# An old clamp.



## Dominick (May 2, 2011)

I just picked this up at an estate sale for $5
I've seen one before but don't know much about it. 
Thought it was cool. Does anyone know anything about it?


----------



## mdntrdr (Dec 22, 2009)

You're missing half of it :smile:


----------



## Dominick (May 2, 2011)

I am? What half?


----------



## mdntrdr (Dec 22, 2009)

Dominick said:


> I am? What half?



The other half :laughing:

It looks to me like this is some sort of clamp on vise that is missing something? :smile:


----------



## Dominick (May 2, 2011)

Oh that pic is when it's closed. Lol


----------



## Billy De (Jul 19, 2009)

Dominick I know that Stanley made one very similar but in a silver coulor.AFAIK its not a clamp but a portable vice.


----------



## mdntrdr (Dec 22, 2009)

My mistake... :huh: You have a clamp on vise! :laughing:


----------



## Dominick (May 2, 2011)

Billy De said:


> Dominick I know that Stanley made one very similar but in a silver coulor.AFAIK its not a clamp but a portable vice.

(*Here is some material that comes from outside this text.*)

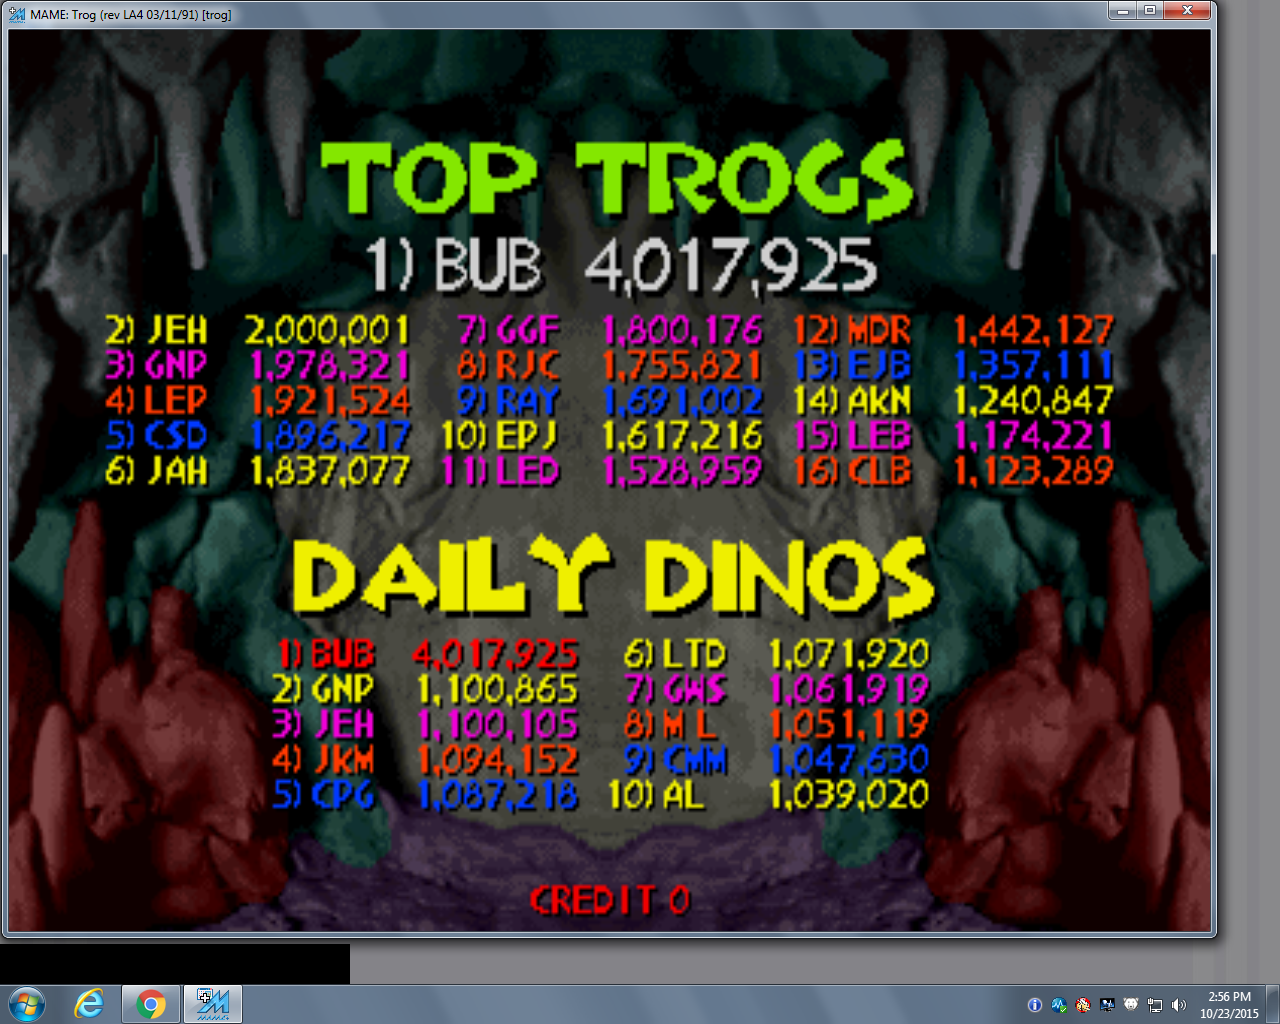 bubufubu: Trog (Arcade Emulated / M.A.M.E.) 4,017,925 points on 2015-10-23 17:27:17

Yea I meant to say a vice. Laughing!!!!


----------



## Dave Paine (May 30, 2012)

Looks like a good deal for $5.

I used to have a clamp on vise, it was made from aluminium and a pain to use. Not very robust. I finally gave it to a friend.

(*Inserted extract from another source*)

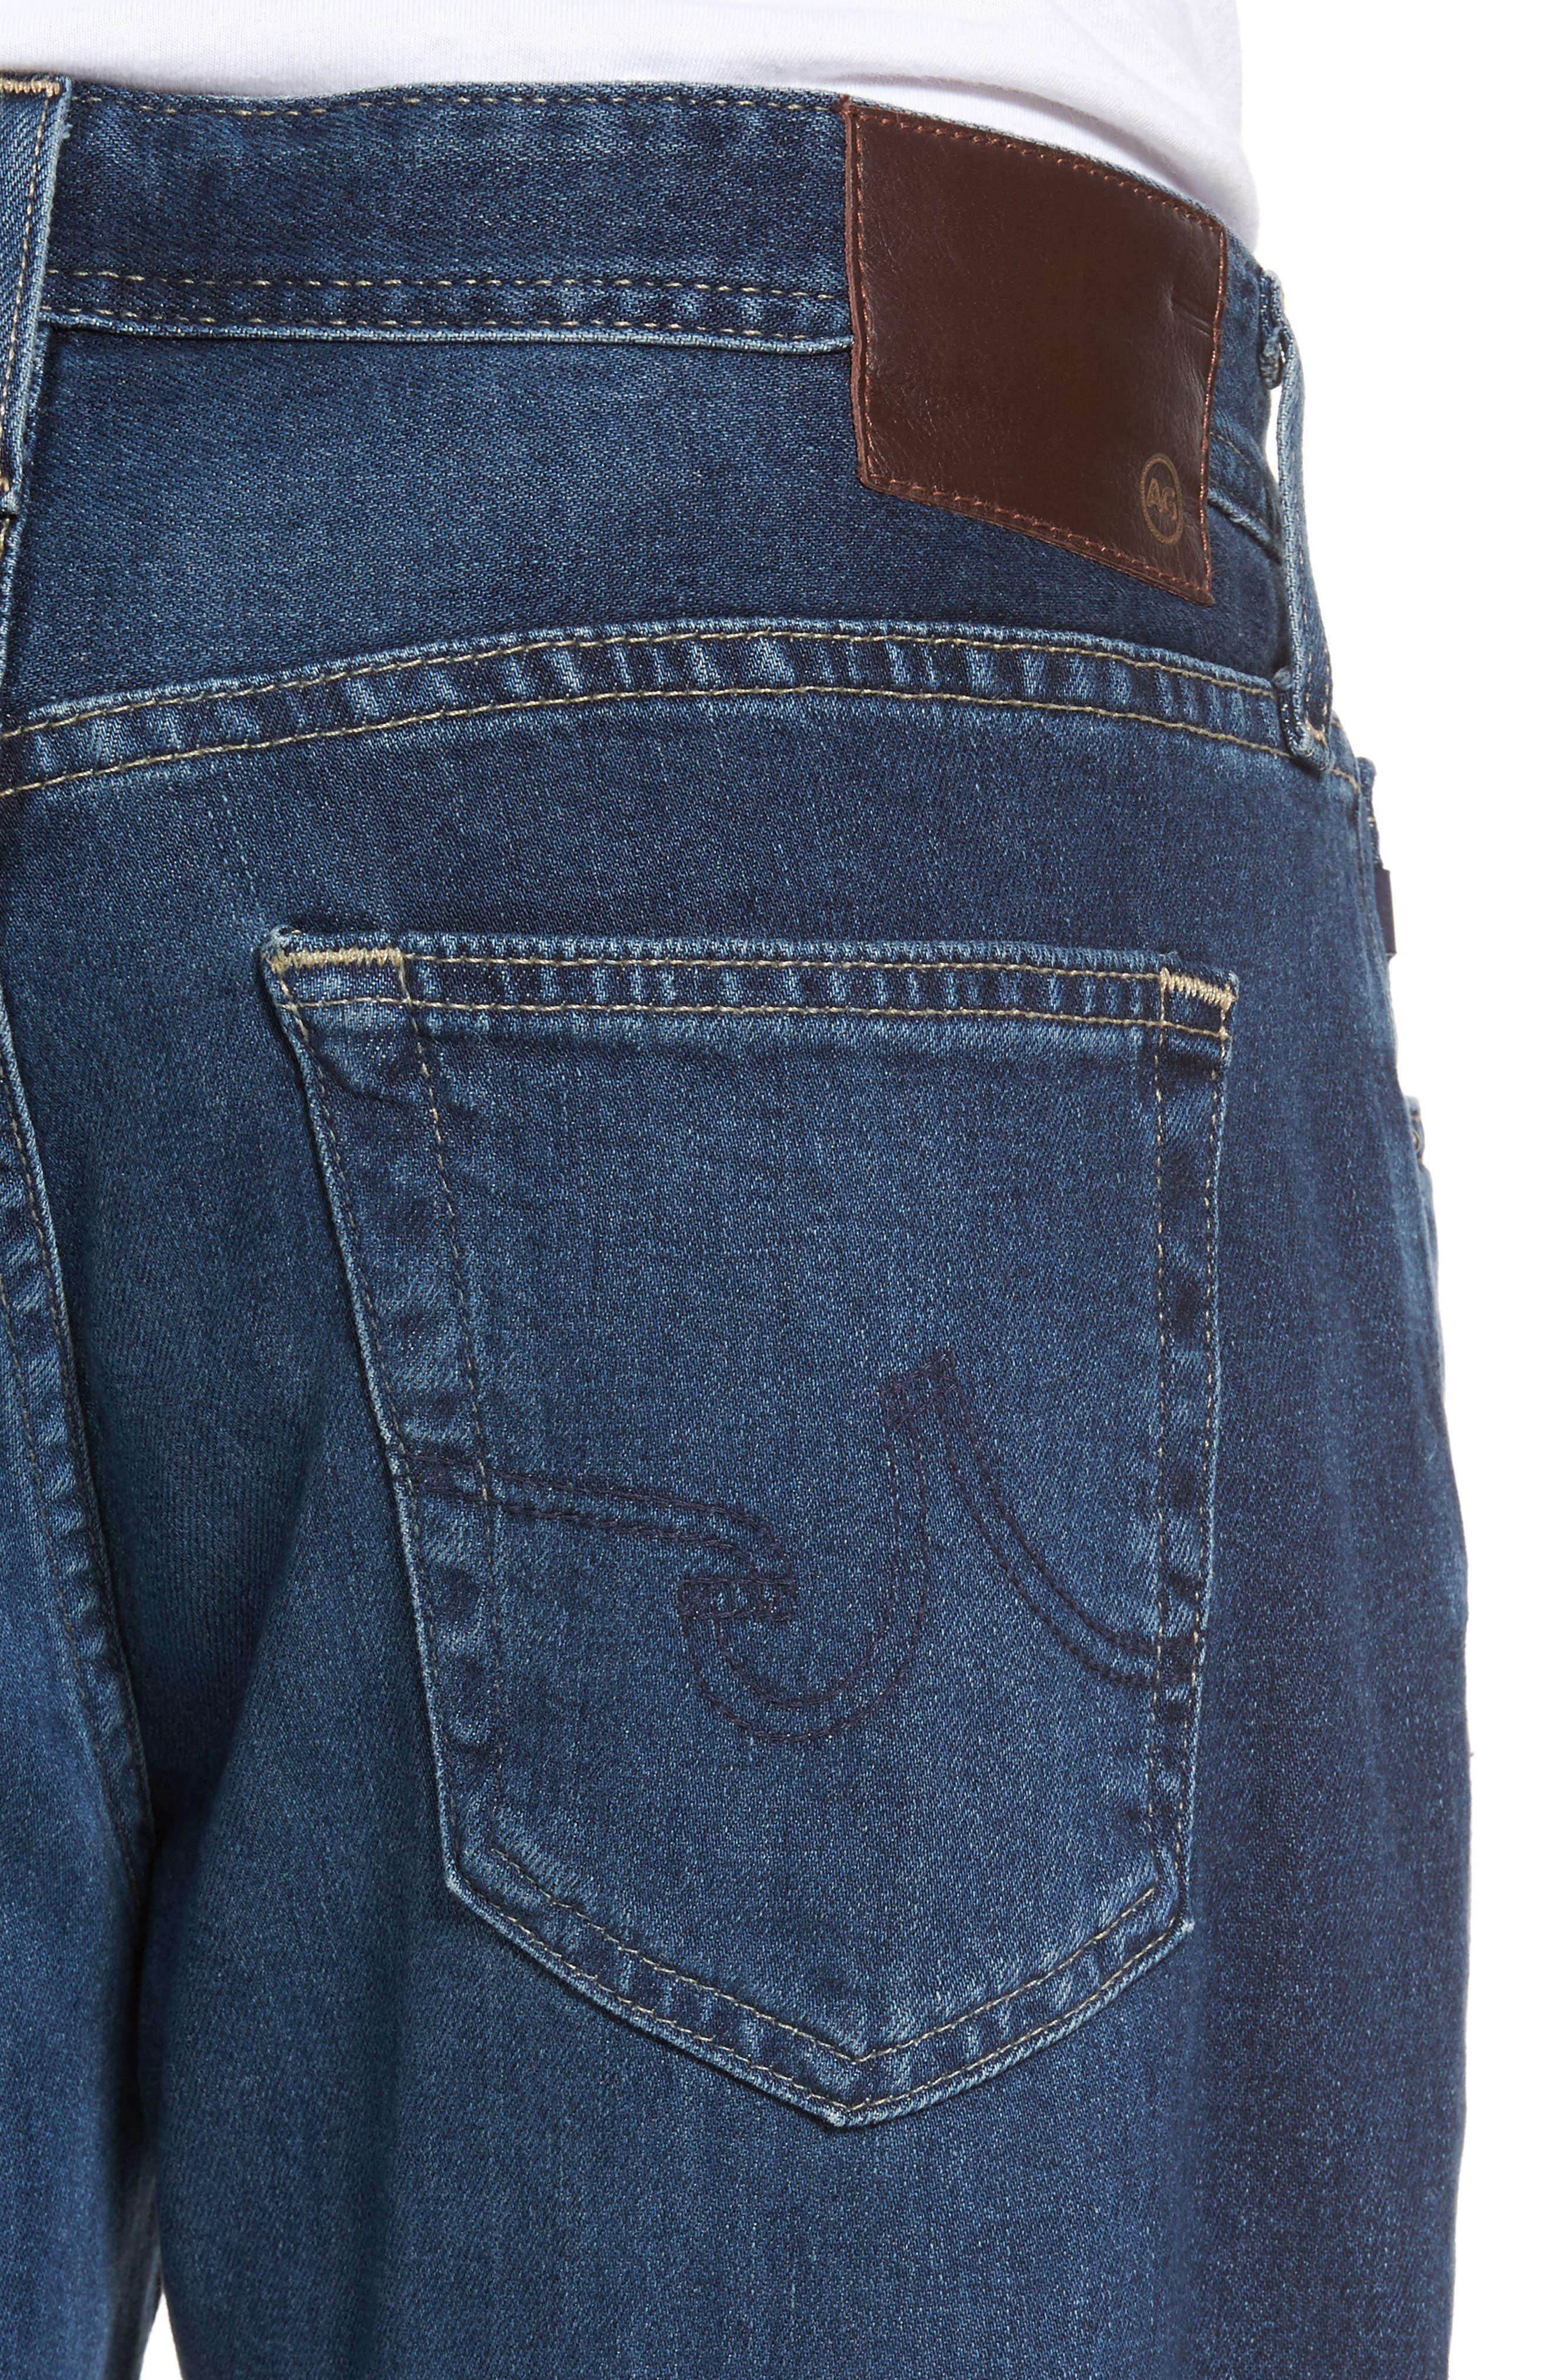 Graduate Slim Straight Leg Jeans,                             Alternate thumbnail 7, color,

This one looks like it can clamp well.

If you can drill a small indentation for the mounting screw head, it will prevent this from slipping off, which was a problem with my vise, even though it had two screws.

Mine had the kind of screw for the vise jaws which had to be pulled back from the hex head, moved and re-engaged with the hex head. A pain in the neck.

Yours has holes for mounting jaws. Worthwhile to cut some scraps of wood to prevent the steel from marking whatever you clamp in the vise.

If you mount this at the end of a bench you will be able to swing the jaw screw without any interference.


----------



## Dominick (May 2, 2011)

Thanks Dave. 
I figured you may like it being from littlestown Pa. 
Ill probably do what you suggested. 
I like the fact that I can attach wood to the jaws, so it doesn't mar things up. 
Thanks for looking.


----------



## Dave Paine (May 30, 2012)

Dominick said:


> Thanks Dave.
> I figured you may like it being from littlestown Pa.


I do not live in a place with sufficient population for me to consider it a town - more like an intersection with just the feed store and post office. :laughing:

The 2010 census showed a whopping 2,375 residents, but more residents than farm animals.


----------



## Dominick (May 2, 2011)

Dave Paine said:


> I do not live in a place with sufficient population for me to consider it a town - more like an intersection with just the feed store and post office. :laughing:
> 
> The 2010 census showed a whopping 2,375 residents, but more residents than farm animals.


Laughing!!!!
I was just messing with it on how it mounts and its not really practical for big projects. 
But something I may use though.


----------